## To do
For the entries below, copy exactly the line that contains "World of Warships dedicated video on YouTube" through the line that contains "new balance mrl996em", both ends included, and exclude all pictures.

## The data

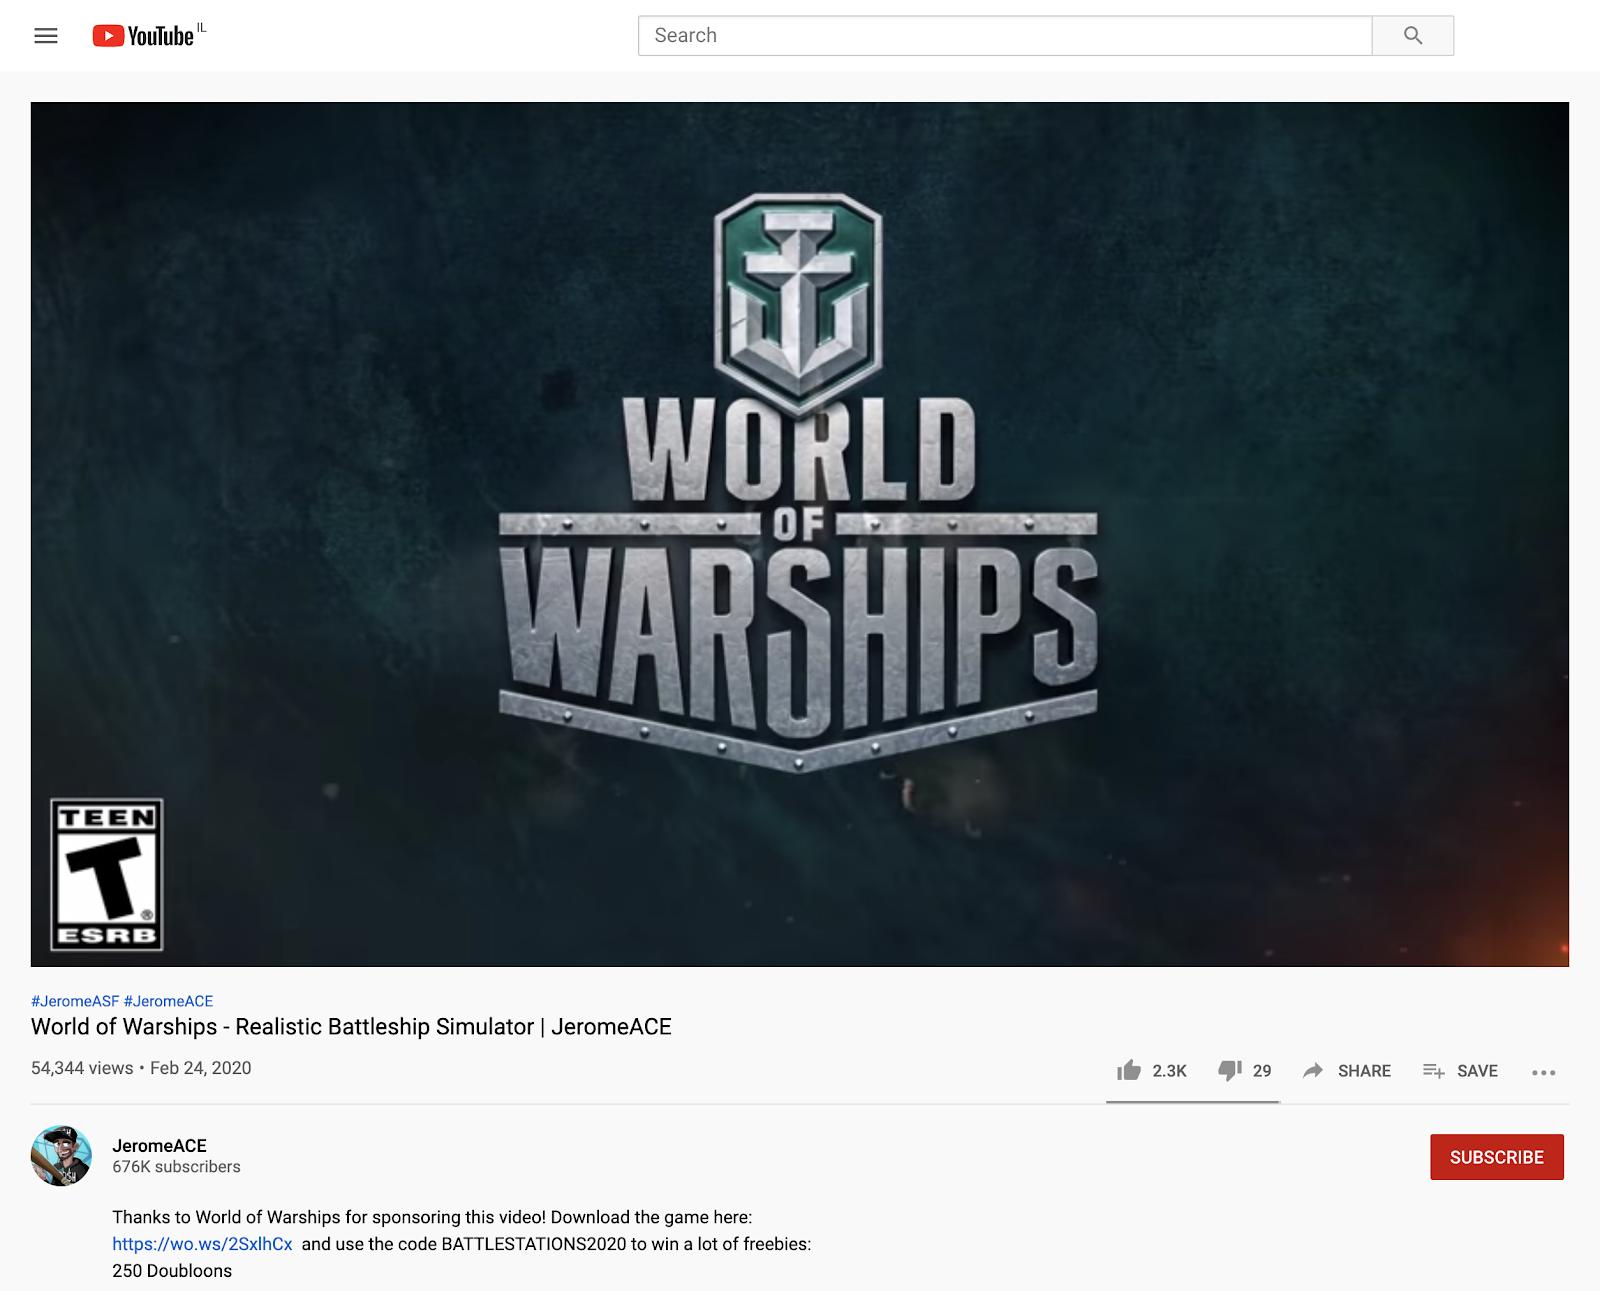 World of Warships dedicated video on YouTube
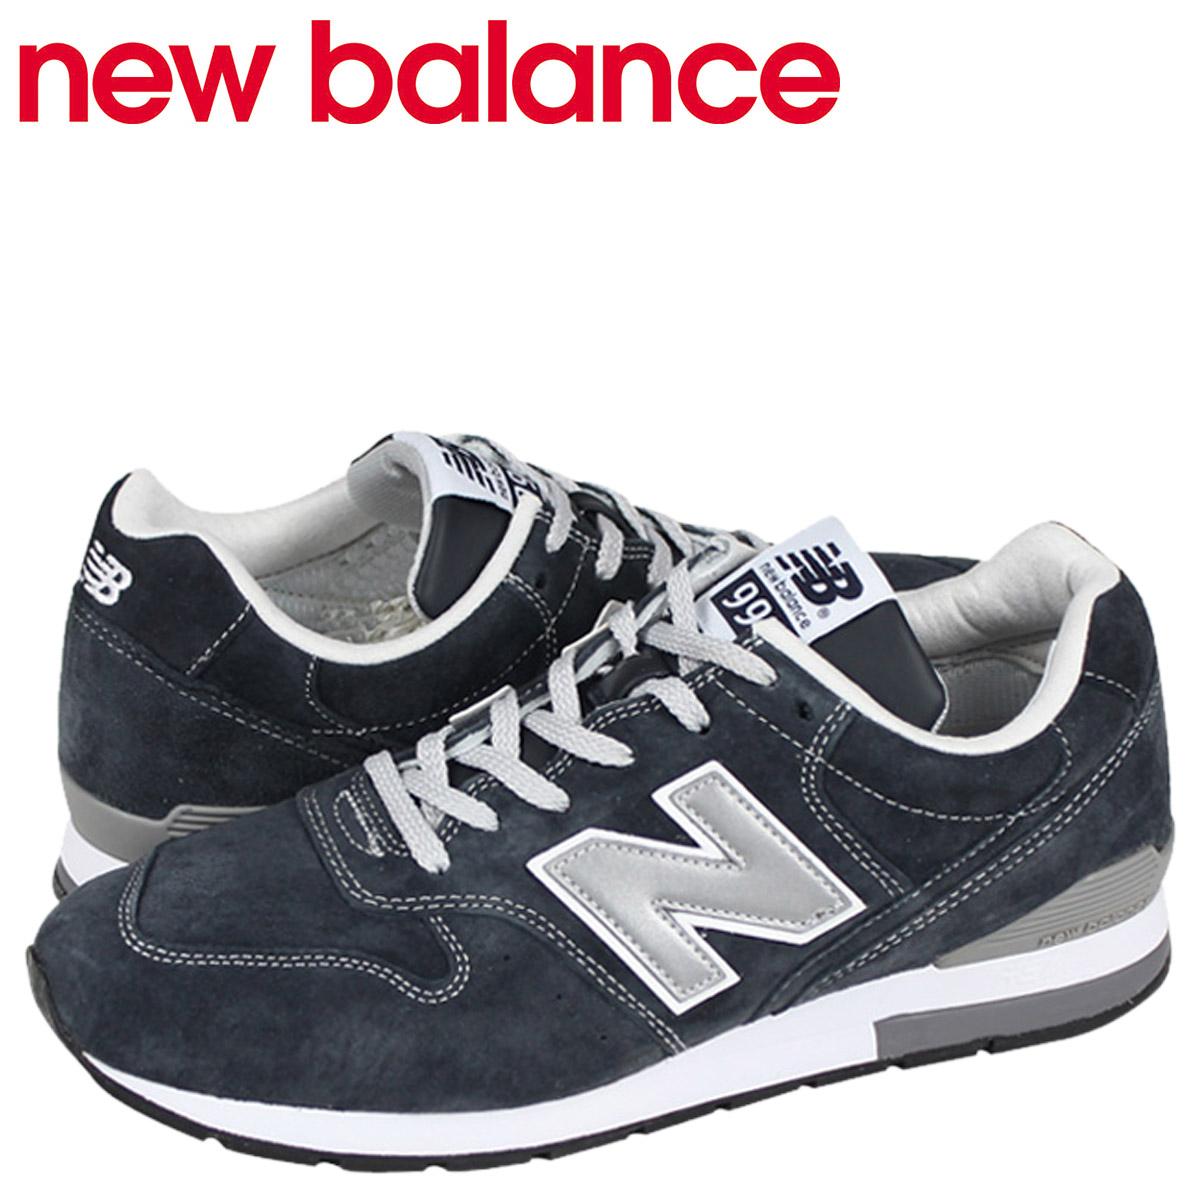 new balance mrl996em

...

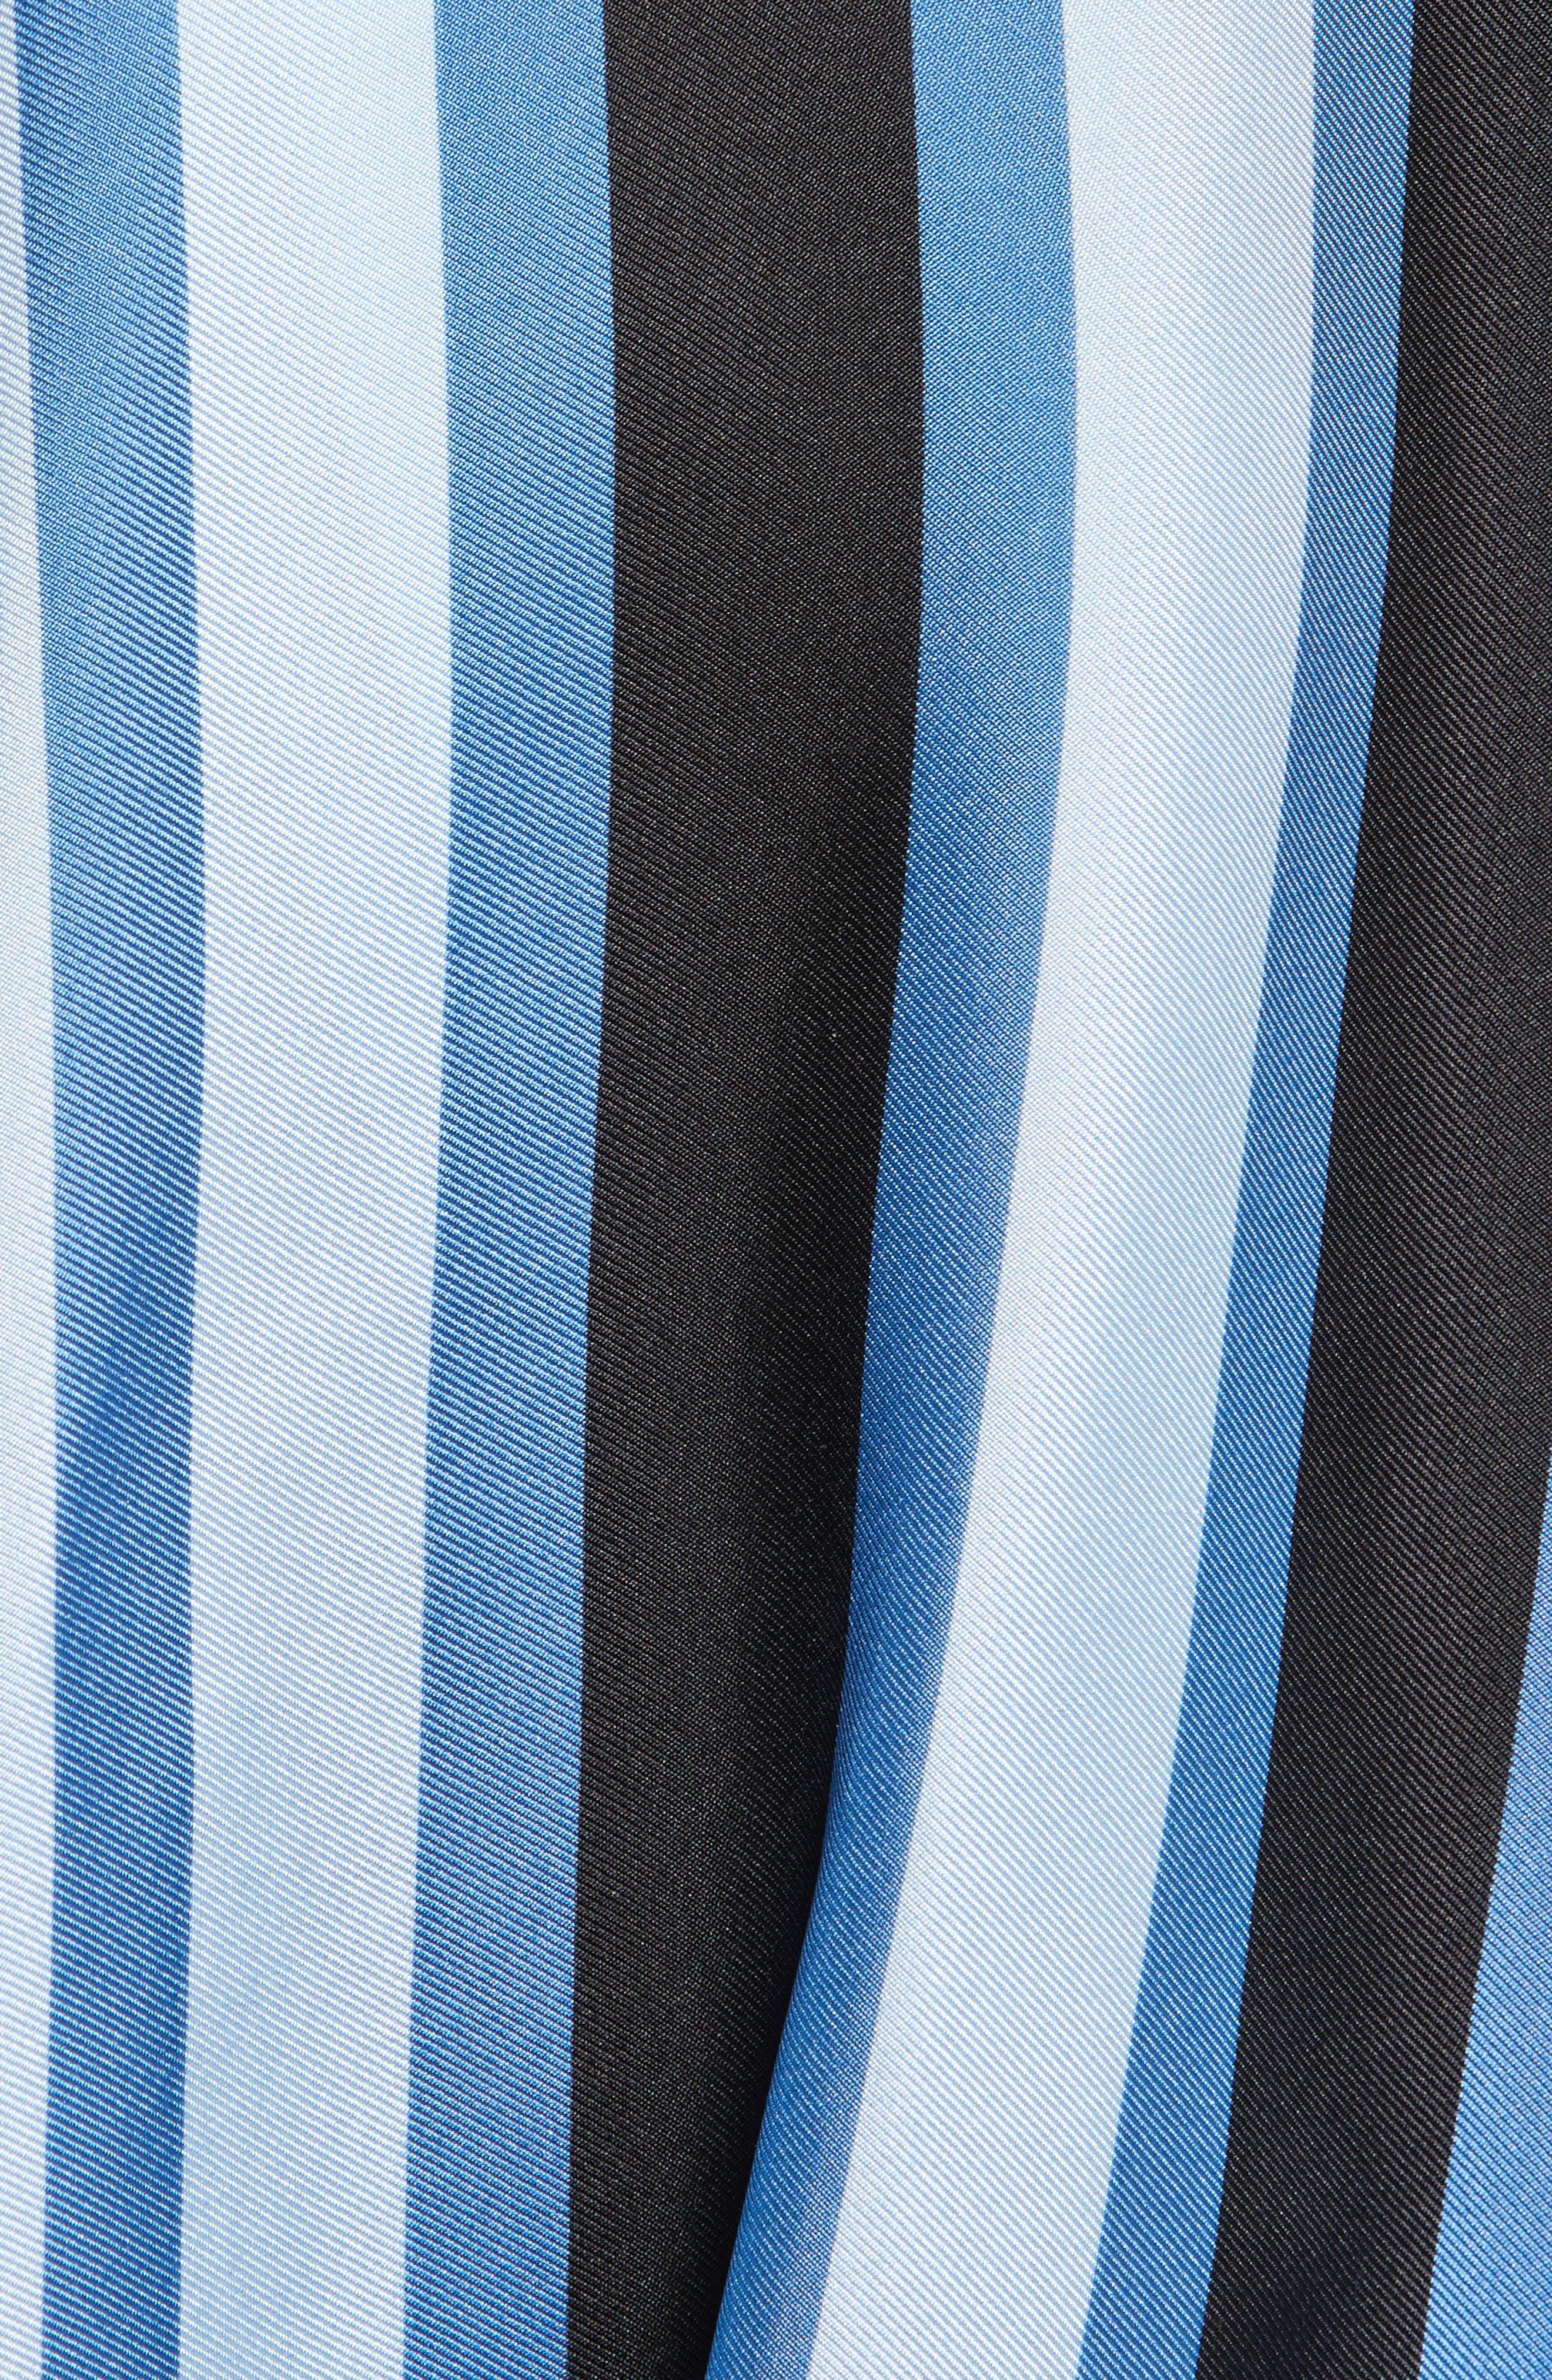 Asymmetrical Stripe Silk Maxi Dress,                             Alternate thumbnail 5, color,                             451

## Your solution
 World of Warships dedicated video on YouTube
 new balance mrl996em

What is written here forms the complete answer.